Cadet Jean Lud
Molecular Neuropsychiatry Research Branch, DHHS/NIH/NIDA Intramural Research Program, National Institutes of Health, 251 Bayview Boulevard, Baltimore, MD, 21224, USA.
Mol Neurobiol. 2016 Jan;53(1):545-560. doi: 10.1007/s12035-014-9040-y. Epub 2014 Dec 11.

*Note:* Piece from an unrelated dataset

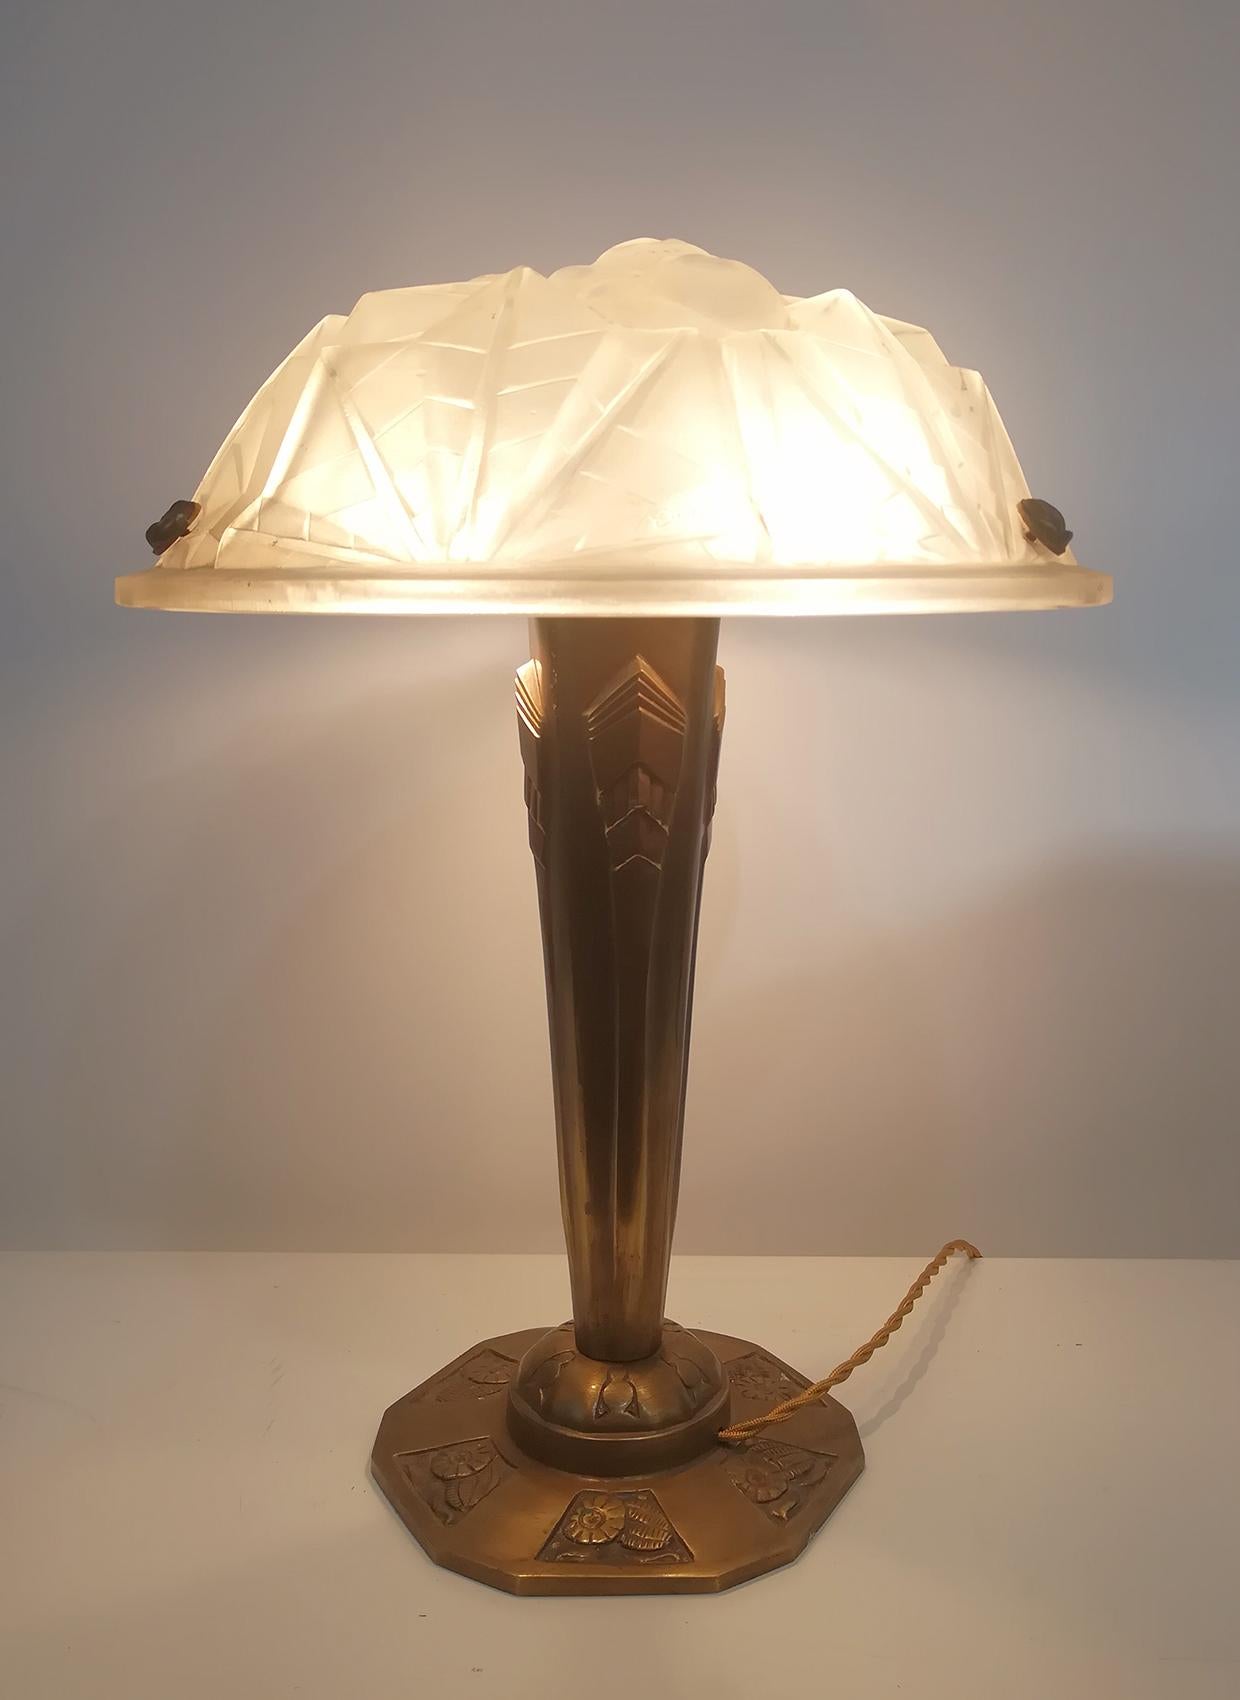 Charming pair of Art Deco table lamp, high quality molded glass panel (diameter 35 cm) with rare original floral motif design in relief included “Degué” signature on the glass, resting on bronze column with floral and geometric design
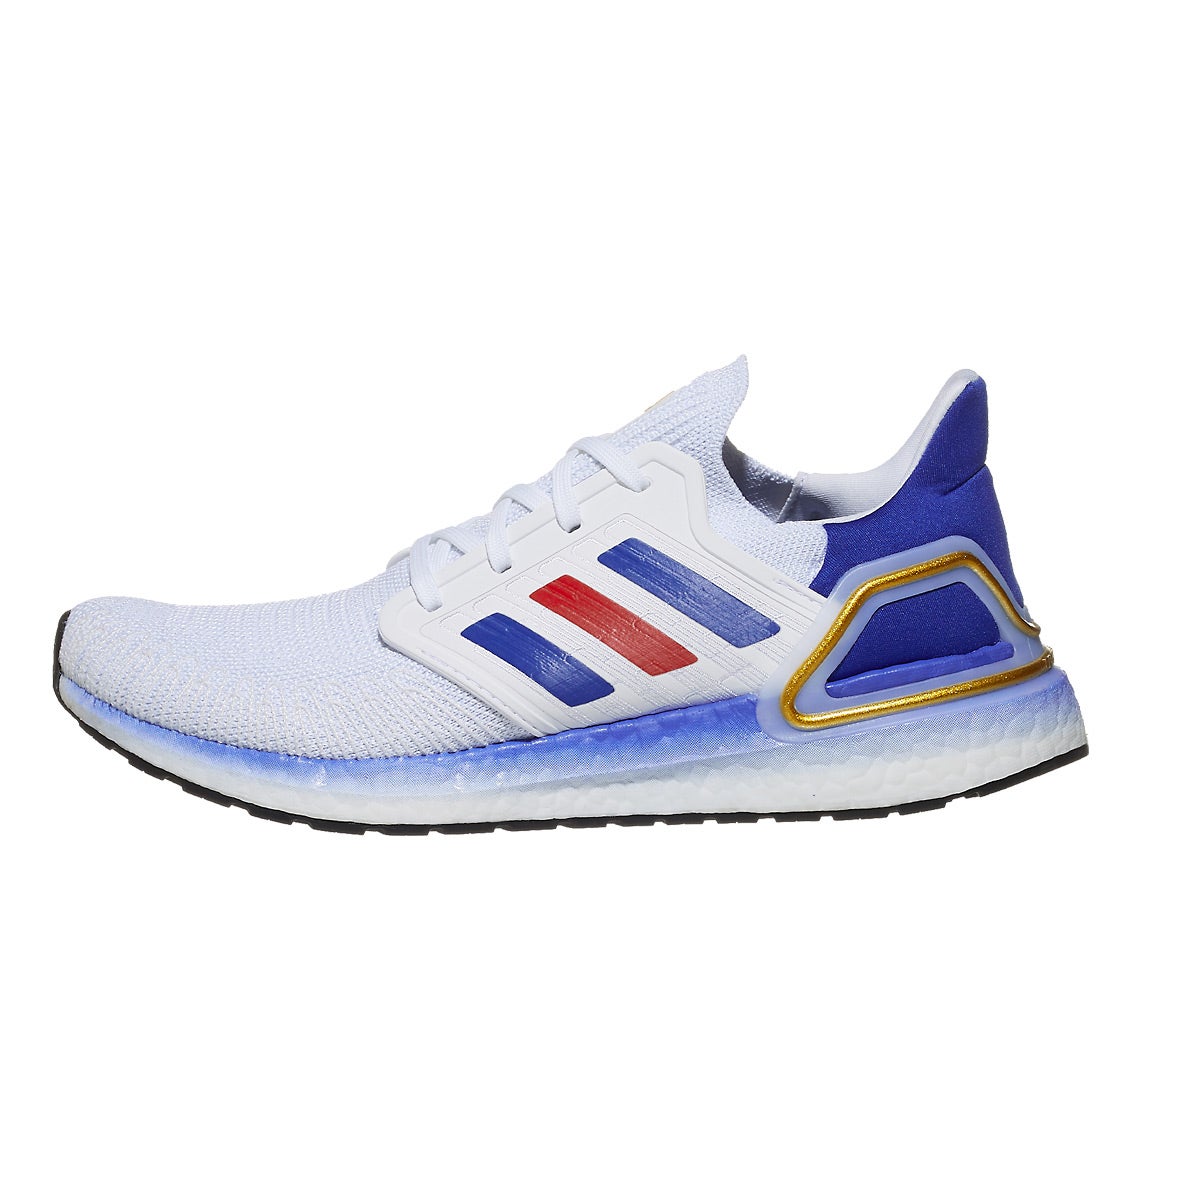 adidas Ultra Boost 20 Men's Shoes

Substance use disorders (SUDs) are highly prevalent. SUDs involve vicious cycles of binges followed by occasional periods of abstinence with recurrent relapses despite treatment and adverse medical and psychosocial consequences. There is convincing evidence that early and adult stressful life events are risks factors for the development of addiction and serve as cues that trigger relapses. Nevertheless, the fact that not all individuals who face traumatic events develop addiction to licit or illicit drugs suggests the existence of individual and/or familial resilient factors that protect these mentally healthy individuals. Here, I give a brief overview of the epigenetic bases of responses to stressful events and of epigenetic changes associated with the administration of drugs of abuse. I also discuss the psychobiology of resilience and alterations in epigenetic markers that have been observed in models of resilience. Finally, I suggest the possibility that treatment of addiction should involve cognitive and pharmacological approaches that enhance resilience in at risk individuals. Similar approaches should also be used with patients who have already succumbed to the nefarious effects of addictive substances.
物质使用障碍(SUDs)极为普遍。SUDs涉及暴饮暴食的恶性循环,随后是偶尔的戒断期,尽管接受了治疗,但仍会复发,并伴有不良的医学和心理社会后果。有确凿证据表明,早年和成年期的应激性生活事件是成瘾发展的风险因素,并作为触发复发的线索。然而,并非所有经历创伤性事件的个体都会对合法或非法药物成瘾,这一事实表明存在个体和/或家族性的复原力因素,可保护这些心理健康的个体。在此,我简要概述对应激性事件反应的表观遗传基础以及与滥用药物给药相关的表观遗传变化。我还将讨论复原力的心理生物学以及在复原力模型中观察到的表观遗传标记的变化。最后,我提出成瘾治疗应涉及认知和药理学方法,以增强高危个体的复原力。对于已经受到成瘾物质有害影响的患者,也应采用类似的方法。